Женщину охватил безудержный страх. Страх перед неизвестностью и непонятностью всего происходящего. Она резко села в кровати, но сразу почувствовала сильную слабость и головокружение, которые заставили её вновь откинуться на подушку.
А страх, не дающий вздохнуть полной грудью страх, продолжал задавать свои вопросы, на которые она не могла дать определённого ответа.
«Спокойно, - прошептала она себе. – Со мной, наверное, что-нибудь случилось, я заболела и вот лежу в больнице. Сейчас всё выяснится».
И вдруг, словно что-то вспомнив, женщина замерла. Ещё не совсем осознавая, зачем она это делает, подняла руку и, словно боясь обжечься, дотронулась до своей головы. С пассивным отчаянием ощутила под ладонью короткие мягкие волосы.
«И я тоже… стрижена…»
Охваченная бессознательным порывом протеста, снова приподнялась, судорожно ухватившись пальцами за края кровати, и села.
Замерла, тяжело дыша. Голова снова закружилась, но уже не так сильно и она, преодолевая слабость, продолжала сидеть и широко открытыми от недоумения и растерянности глазами осматривала помещение.
«Это не комната. Это – больничная палата! Но что со мной случилось? Почему я ничего не помню?»
Палата казалась более просторной из-за полумрака, который скрывал её истинные размеры. Стены уходили под взглядом женщины в темноту, а там, где они были освещены, казались ближе; от такой оптической иллюзии помещение представлялось ей то больше, то меньше.
В горле пересохло, губы стали сухими. Она чувствовала, что не сможет громко говорить. «Надо позвать кого-нибудь. Встать и позвать… Должны же здесь быть медицинские сёстры или санитарки».
Прямо перед ней, через спинку кровати был перекинут тёмный, с неопределяемым рисунком халат. Видимо это её. Женщина машинально дотронулась до груди: на ней была ночная сорочка из простой хлопчатобумажной материи с тесёмками около шеи. Она беспомощно ухватилась за них.

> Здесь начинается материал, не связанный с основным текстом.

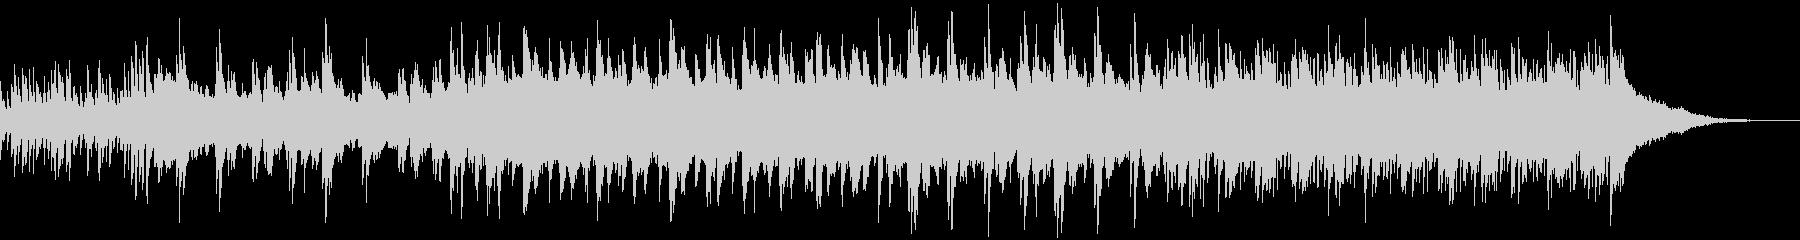 さりげなく少し切ないピアノのBGMの未再生の波形

«Да, надо обязательно встать, выйти, позвать кого-нибудь… И быстрее, быстрее… Пока… Что пока? Дверь совсем рядом, шага четыре не больше. Открою её и позову врача. Только бы дойти. Что-то очень я слабая. Впрочем, я же больная, это естественно».
А страх всё не проходил. Страх перед неизвестностью и отсутствием воспоминаний. Женщина осознавала, что она это «она», но кто она? Как её зовут? Сколько ей лет? В каком городе она находится?
И в этот момент, словно сжалившись над ней, в голове открылась какая-то потайная дверца, и воспоминания узеньким ручейком потекли перед её внутренним взором.
Женщина вспомнила себя, своё имя. Ольга! Да, правильно! Я - Ольга! И картины детства, юности понеслись перед моими глазами, всё больше и больше заполняя сознание. Она лихорадочно отбрасывала самые ранние, с подсознательным страхом стремясь к последним. Только они могли мне всё объяснить!
Я вспомнила, что замужем! И что мужа зовут Володя и, что у меня есть прелестная дочурка Нелечка! Тёплая и радостная волна захлестнула меня, разом смыв весь страх и напряжение последних минут.
Я уже стояла около своей кровати. Обратила внимание, что очень худая и какая-то высохшая, но это отмечалось где-то в подсознании. Главное – к о мне возвращается память!
Осторожно - голова продолжала кружиться - опираясь на спинку кровати, я сделала первый шаг.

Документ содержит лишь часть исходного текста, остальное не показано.